Tante Hannah set out the old newspapers she had collected in town.

“Thank you for the food,” I said.

She smiled.

“They don’t get along. . . . You know that,” she said. “The visit last night did not go well. Oom Sarel was upset . . . the war. And she . . . she’s always upset.”

“Schalk and Oupa did not talk much. . . . Vader didn’t come home at all.”

“Is he all right?”

I’d been lectured so often to say nothing about their condition and location that I hesitated.

“Lettie . . . is he all right?”

“They needed him on a mission.”

“Your oom said nothing about it. What did Oupa say?”

“Oupa said they asked especially for Vader . . .”

“Didn’t ask for Sarel?”

“Vader helped plan it, they said.”

Hannah took a moment.

“Did they say anything else?”

“No . . . very little. Did Oom Sarel?”

“Yes . . . and we should talk about it today . . . as a lesson.”

She handed me a paper but summarized it before I could read.

“The Tommies walked in and took over both capitals without a fight.”

This seemed impossible. “Does that mean the war is over? . . . They won?”

“No, it’s not over,” she said. “It was a strategy by our men. . . . We just walked away. . . . Better to fight them out on the veld instead of around the cities.”

“I can’t imagine our men backing from a fight.”

“The papers are calling them ‘guerrilla’ tactics,” she said. “It means ‘little war’ . . . picking their places to fight small battles. The Tommies want to fight like pieces set in place on the chess board, to benefit from their power. The commandos want to hit and run so that they benefit from their mobility and knowledge of the country.”

I could see Vader and Schalk stalking game in the bush. They could make themselves invisible. I thought of an entire army creeping about the country in silence.

“So we can win that way?”

She gestured with uncertainty.

“The British are using new tactics in response,” she said, explaining a plan by Lord Kitchener for dealing with the commandos.

“Since it’s not the way they’re used to fighting, they’re calling us all spies, just for giving support,” she said.

“Spies? Us?”

“They want to try to stop the men from getting supplies from their homes and farms,” she said.

“How?”

“They’re burning them.”

“Burning them? Burning what?”

She nodded. “Yes, homes and farms.”

“Where?”

“Here.”

“What are we supposed to do?”

“I don’t know.”





24


June 1901, Concentration Camp

Maples concentrated on stitching a button on his tunic while still wearing it.

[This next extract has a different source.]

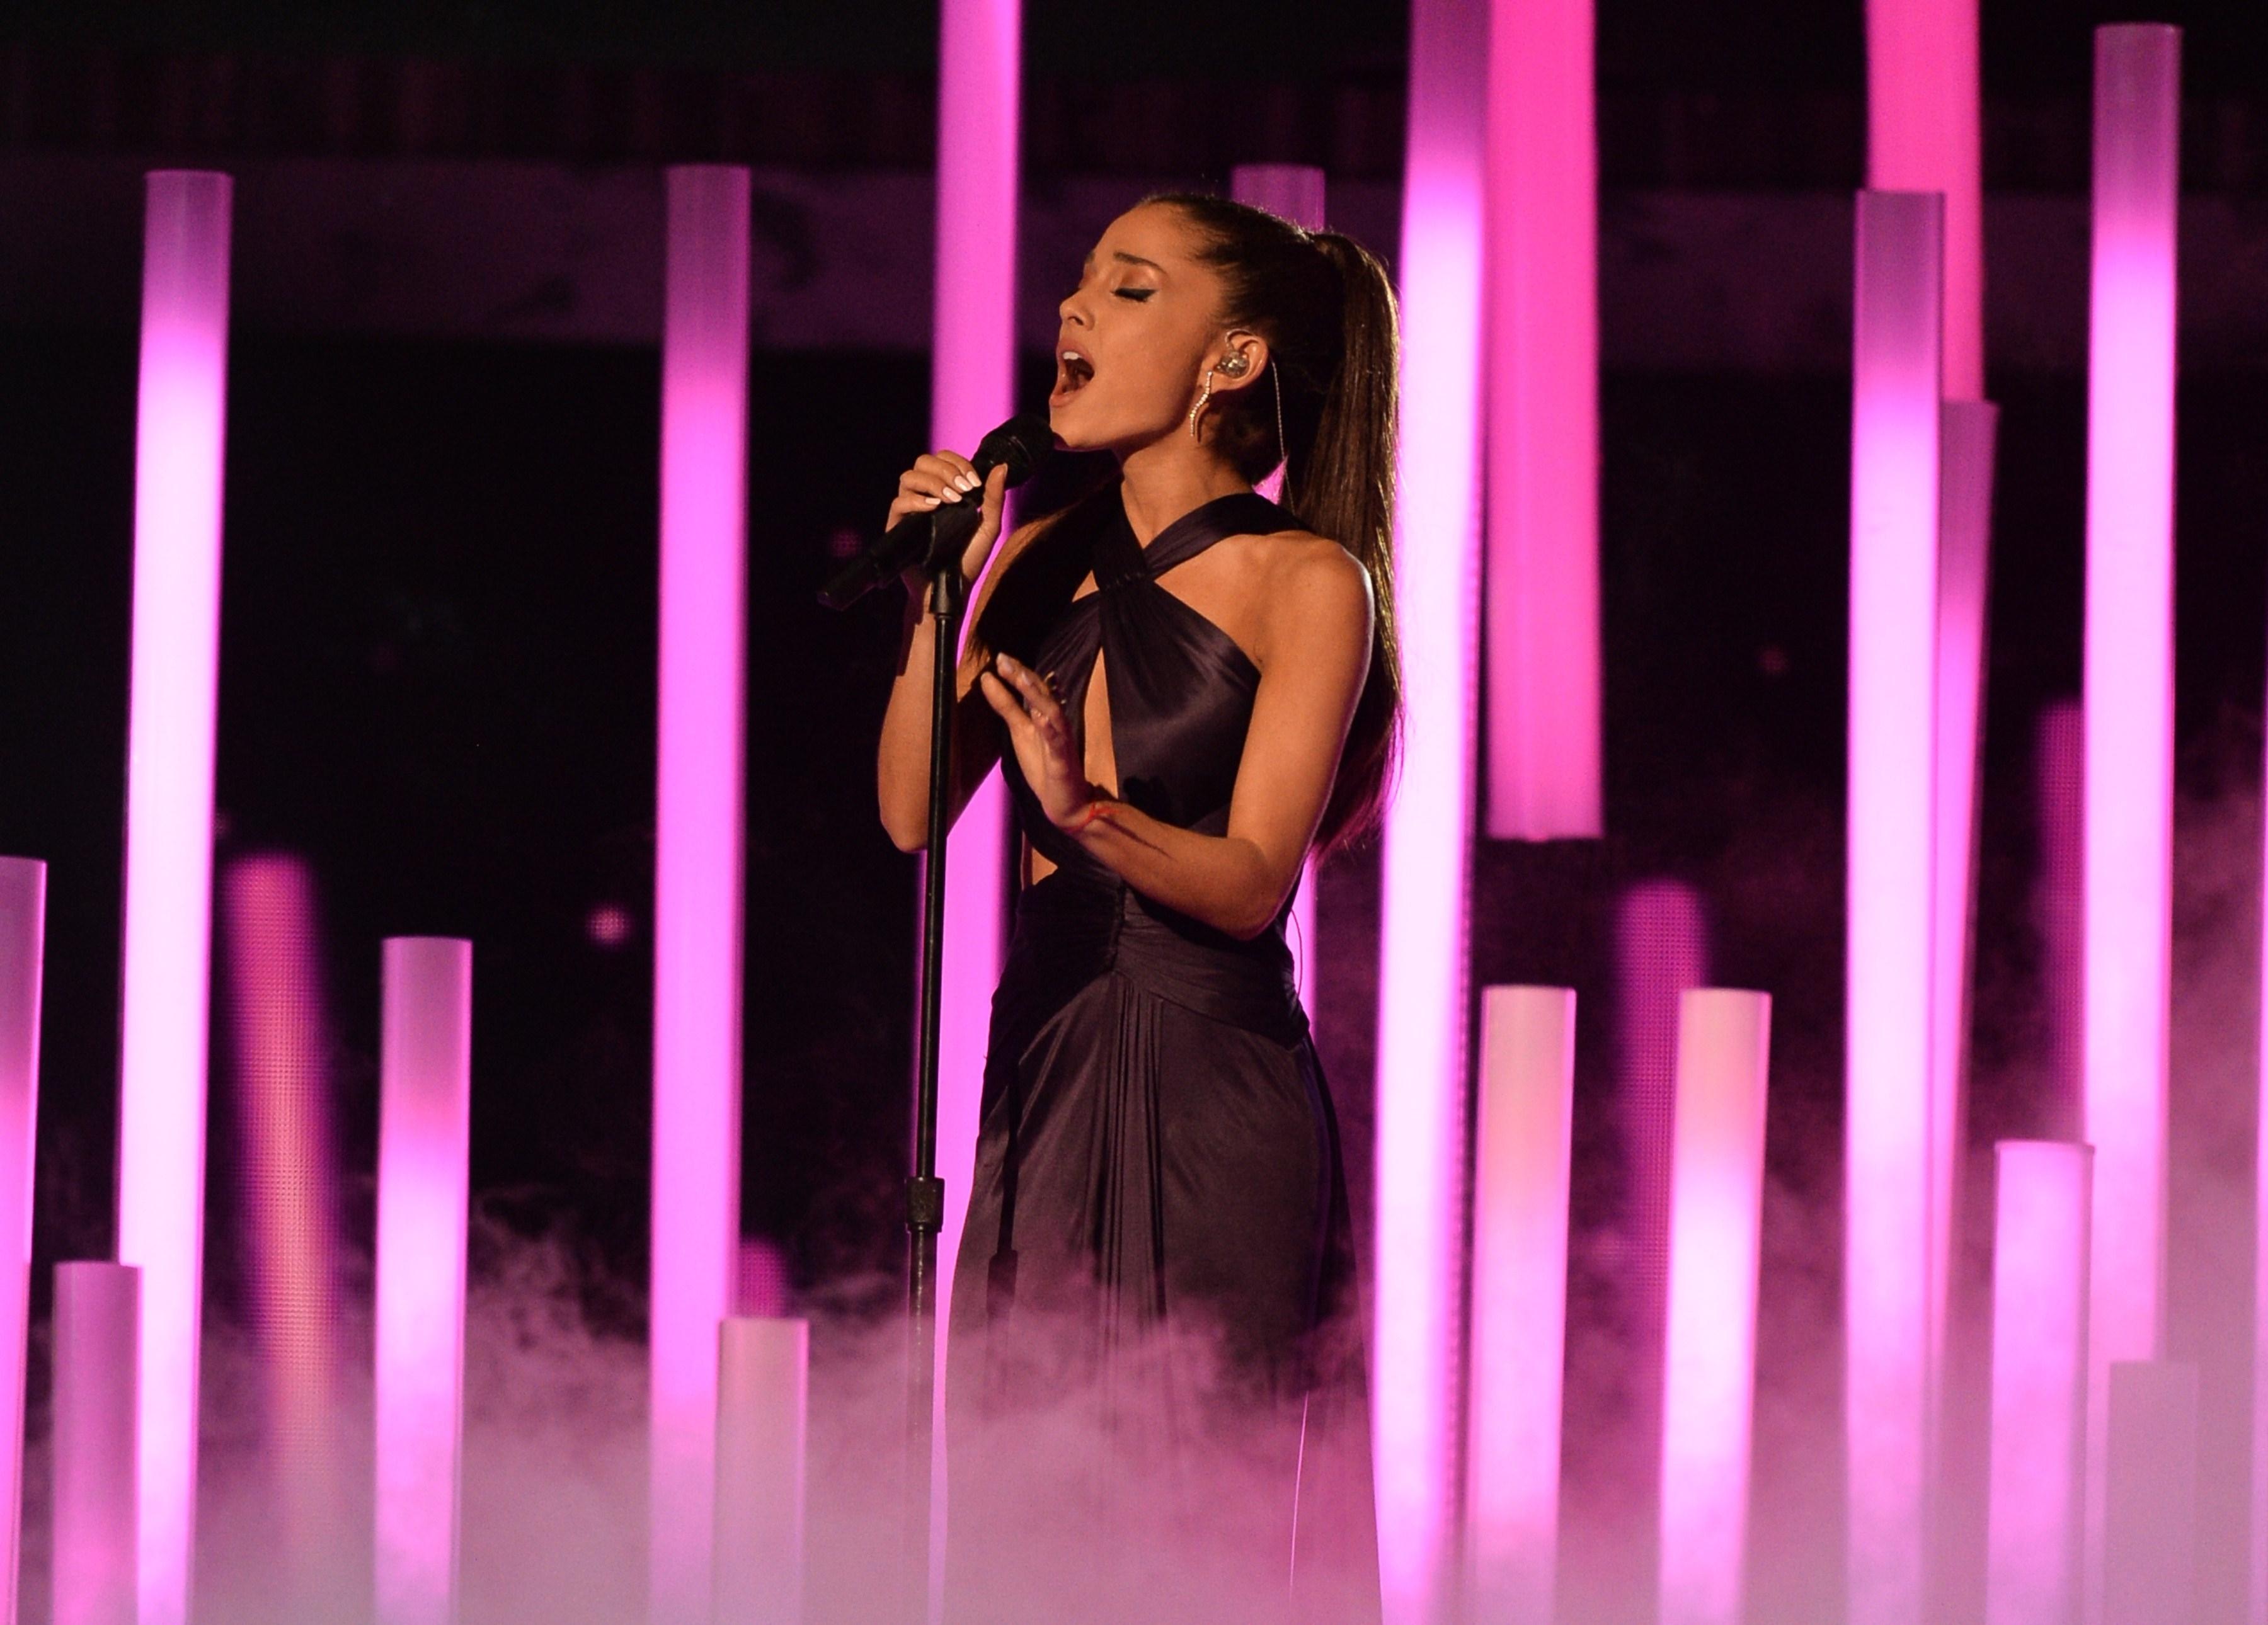 Ariana Grande Music Video Or YA Dystopian Adaptation — Can

It allowed me to look at him again, longer. He was better looking from a distance, and he was always more attractive in my thoughts than he was in my presence. I vowed at night not to risk talking to him, yet when I set out, it was in his direction. Half the time I would turn back toward the tent, only to retrace my steps toward his post. After Willem had been snatched up and threatened, I needed to be more vigilant. But here I was.

“Can you give me a hand?” he asked. “I was hoping to see you today.”

I looked down the fence line and toward the tents. I closed Mr. Dickens but walked on. “I shouldn’t.”

“Good thing I’ve got my hussif,” he said.